The median function calculates the median, the
mode function calculates the mode
1.2 Group analysis
1.2.1 Meaning
Divide the analysis object into different parts according to the grouping field.
1.2.2 Format
The commonly used command form is as follows:
df.groupby(by=['group by',...])['columns to be counted'].agg({column alias: statistical function 1,...})
where:
by means for grouping Column;
[] indicates the column used for statistics;
agg indicates the name of the statistical alias statistical value, and the statistical function is used for statistical data. Commonly used statistical functions are: size means count; sum means summation; mean means average.
1.2.3 Examples
In the groupby grouping, numeric columns will be aggregated, and non-numeric columns will be excluded from the result. When the grouping basis is unknown, you need to use list.
df.groupby(by=['班级','性别'])['军训','英语','体育'].mean()
When you want to calculate the average, standard deviation, total, etc. of each group of data at the same time, you need to use agg().
df.groupby(by=['班级','性别'])['军训'].agg({
'总分':np.sum,
'人数':np.size,
'平均值':np.mean,
'方差':np.var,
'标准差':np.std,
'最高分':np.max,
'最低分':np.min,
})
operation result:
1.2.4 Summary
Keep in mind that df.groupby(by=['group by',...])['columns to be counted'].agg({column alias: statistical function 1,...})

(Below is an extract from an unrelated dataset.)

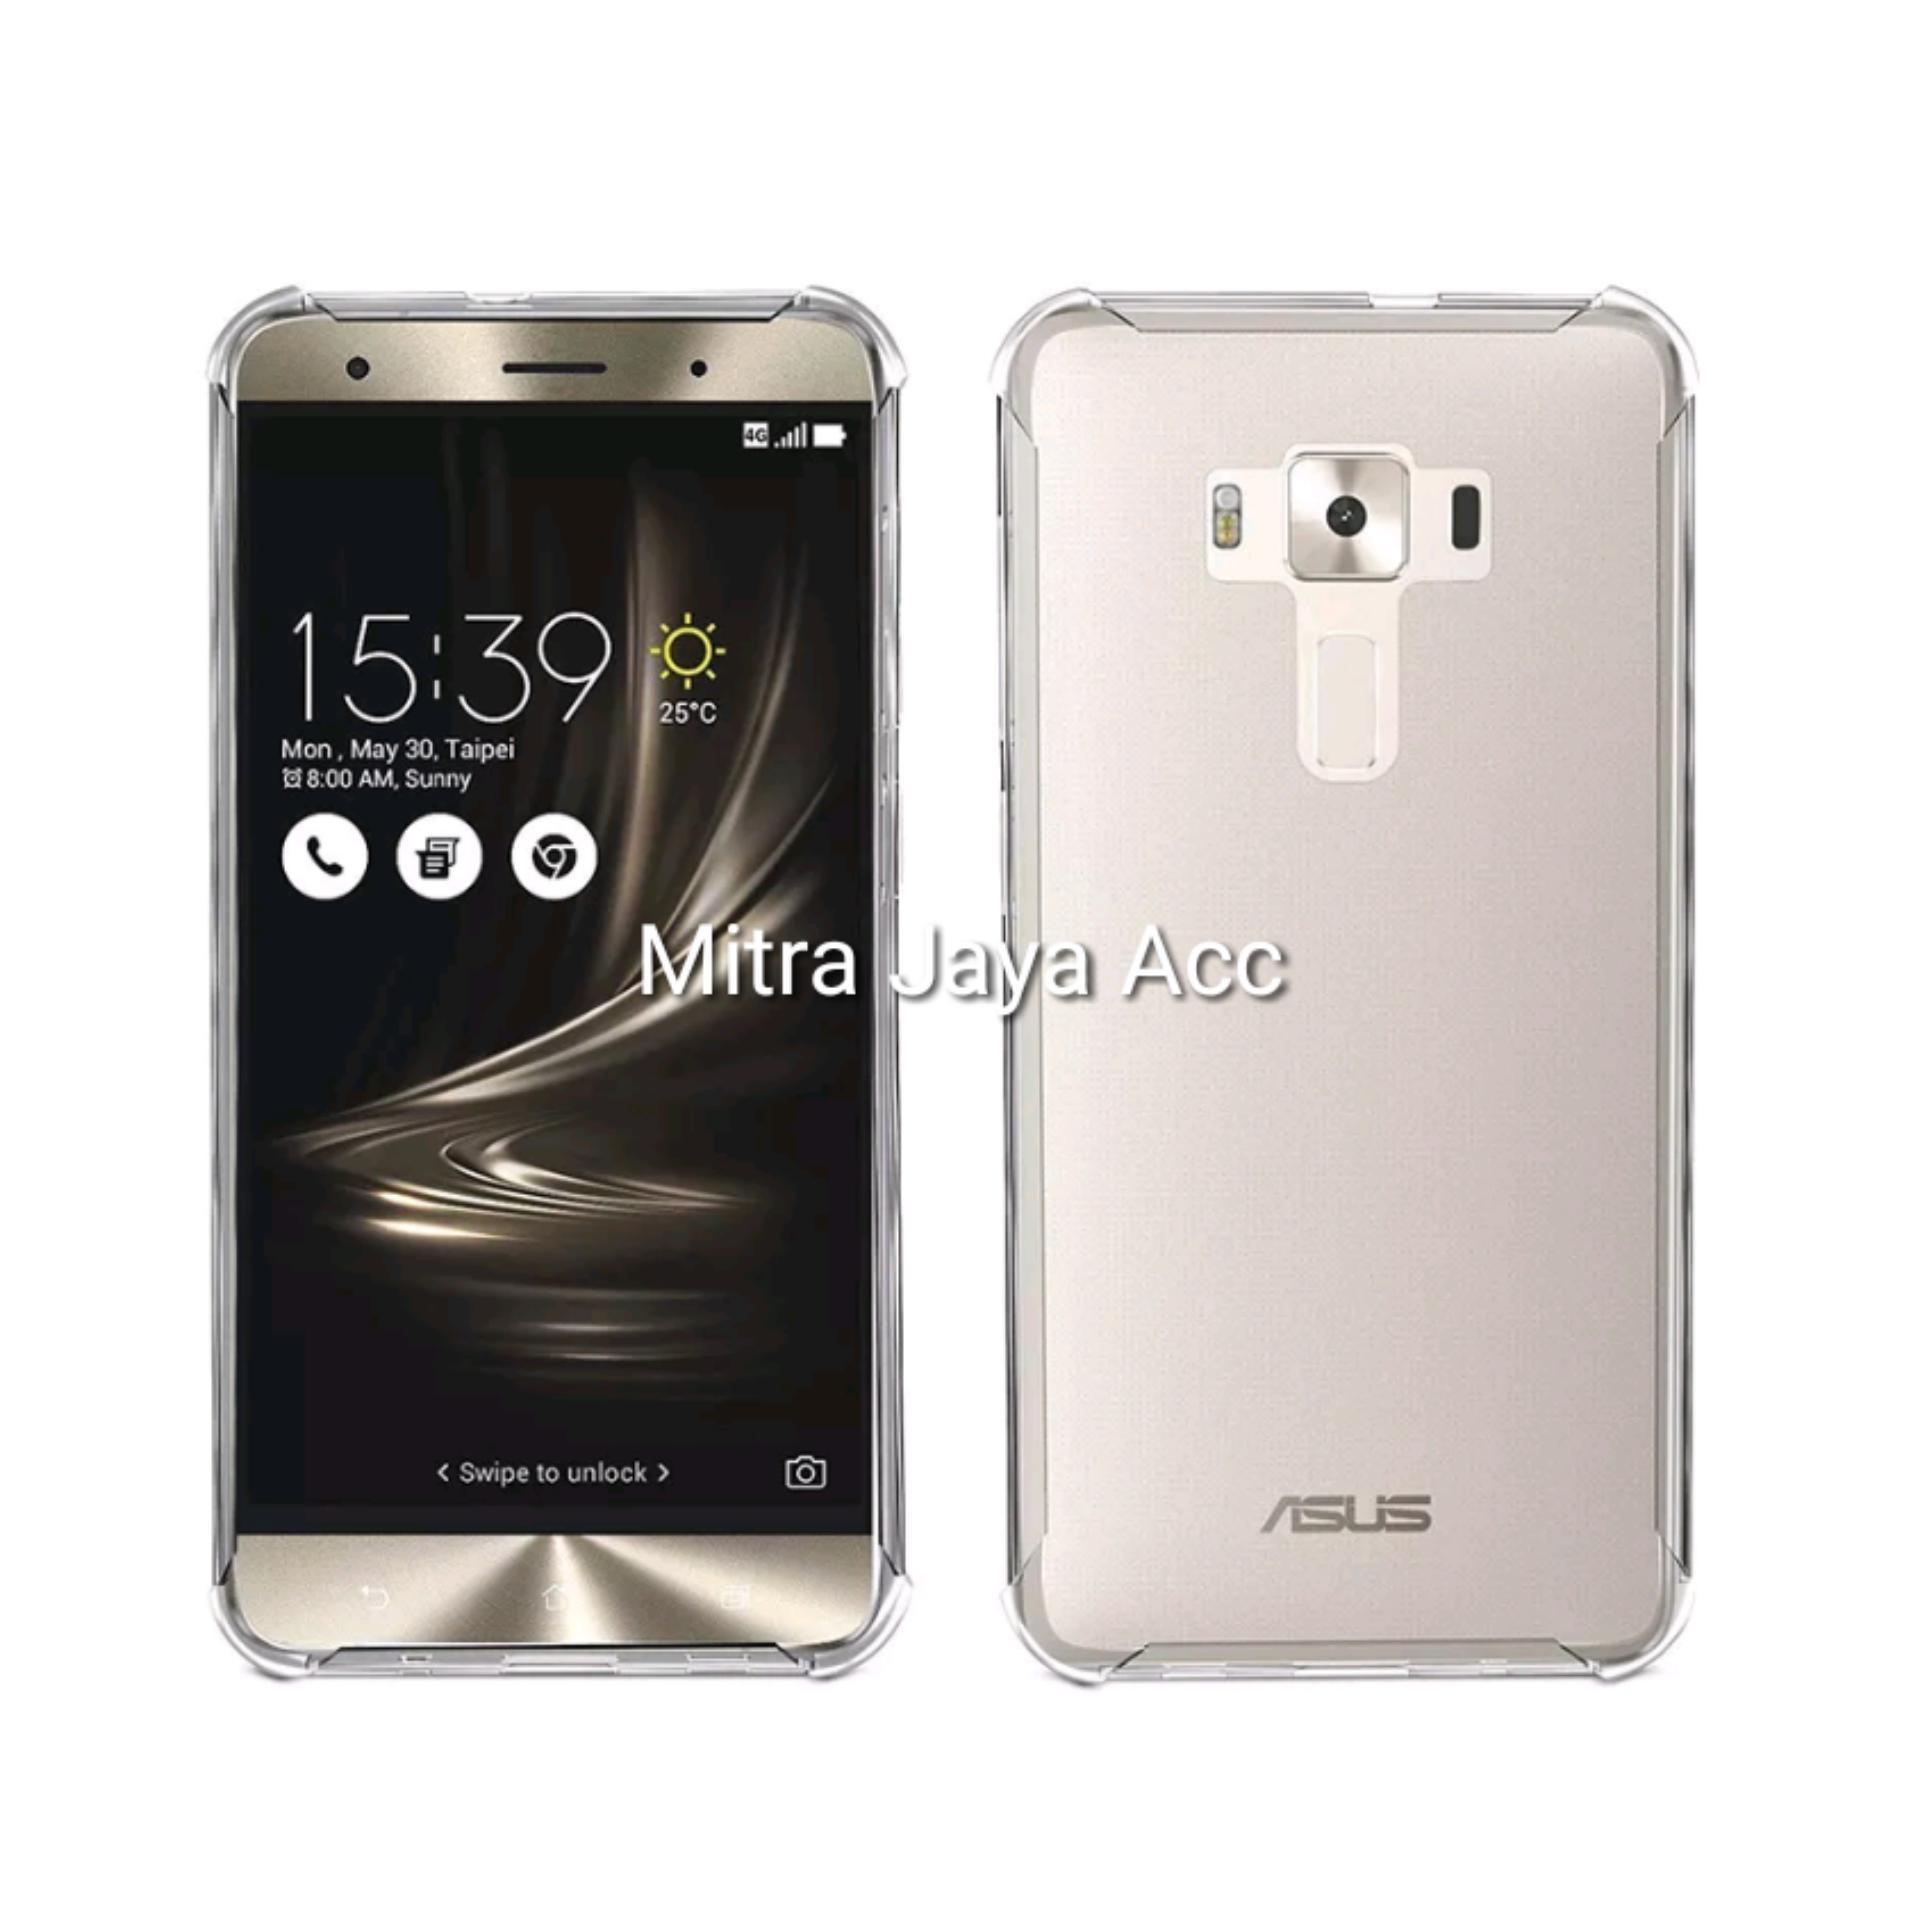 Zenfone 3 Max 5 Zc553kl Softcase Tpu Anti Crack Clear Daftar 2in1 Military Armor Hard Soft Case Asus 55 Detail Gambar Murah 55inch Silicone

What is the grouping basis and what is the column to be counted.
1.3 Distribution analysis
1.3.1 Meaning
An analysis method to study the distribution law of each group. Based on group analysis
1.3.2 Procedure
1.3.2.1 Generate total column
df['总分']=df.英语+df.体育+df.军训+df.数分+df.高代+df.解几
df['总分']#按一行求总数
operation result:
df['总分'].describe()
operation result:
1.3.2.2 Divide the interval and generate labels
bins=[min(df.总分)-1,400,450,max(df.总分)+1]
bins
labels=['400分以下','400到450','450及其以上']
labels
1.3.2.3 Stratification and statistics according to the total column and interval just generated
总分分层=pd.cut(df.总分,bins,labels=labels)#cut函数
总分分层
1.3.2.4 Generate variables
df['总分分层']=总分分层
df['总分分层']
1.3.2.5 Statistics
df.groupby(by=['总分分层'])['总分'].agg({
'人数':np.size})
1.4 Cross analysis
1.4.1 Meaning
Crossover analysis is usually used to analyze the relationship between two or more grouping variables.
1.4.2 Format and parameters
Format:
pivot_table(values,index,columns,aggfunc,fill_values)
Parameters:
values represent the value in the pivot table
index represents the grouping basis of the pivot table, display
columns represent the column in the pivot table
aggfunc represents the statistical function
fill_values represents the NA value Unified replacement The
return value is a pivot table
1.4.3 Examples
from pandas import pivot_table
df.pivot_table(index=['班级','姓名'])
df.pivot_table(values=['总分'],index=['总分分层'],columns=['性别'],aggfunc=[np.size,np.mean])
operation result:
1.5 Structural analysis
1.5.1 Meaning
Draw a pie chart
1.5.2 Examples
Divide into classes by gender, find the total score
df['总分']=df.英语+df.体育+df.军训+df.数分+df.高代+df.解几
df_pt=df.pivot_table(values=['总分'],
index=['班级'],columns=['性别'],aggfunc=[np.sum])
df_pt
df_pt.div(df_pt.sum(axis=1),axis=0)
Girls in class 2308242 accounted for 0.332193 of the total score, and boys accounted for 0.667807 of the total score
1.5.3 Summary
Use div to find the percentage.
The sum function sums up. axis=1, add on the row, axis=0, add on the column.
1.6 Correlation analysis
1.6.1 Meaning
1.6.2 The relationship between correlation coefficient and correlation degree
1.6.3 Examples
df.loc[:,['英语','体育','军训','解几','数分','高代']].corr()
High algebra and number points have a moderate correlation, and solution numbers and number points have a moderate correlation.
1.6.4 Summary
loc value, corr function for correlation analysis.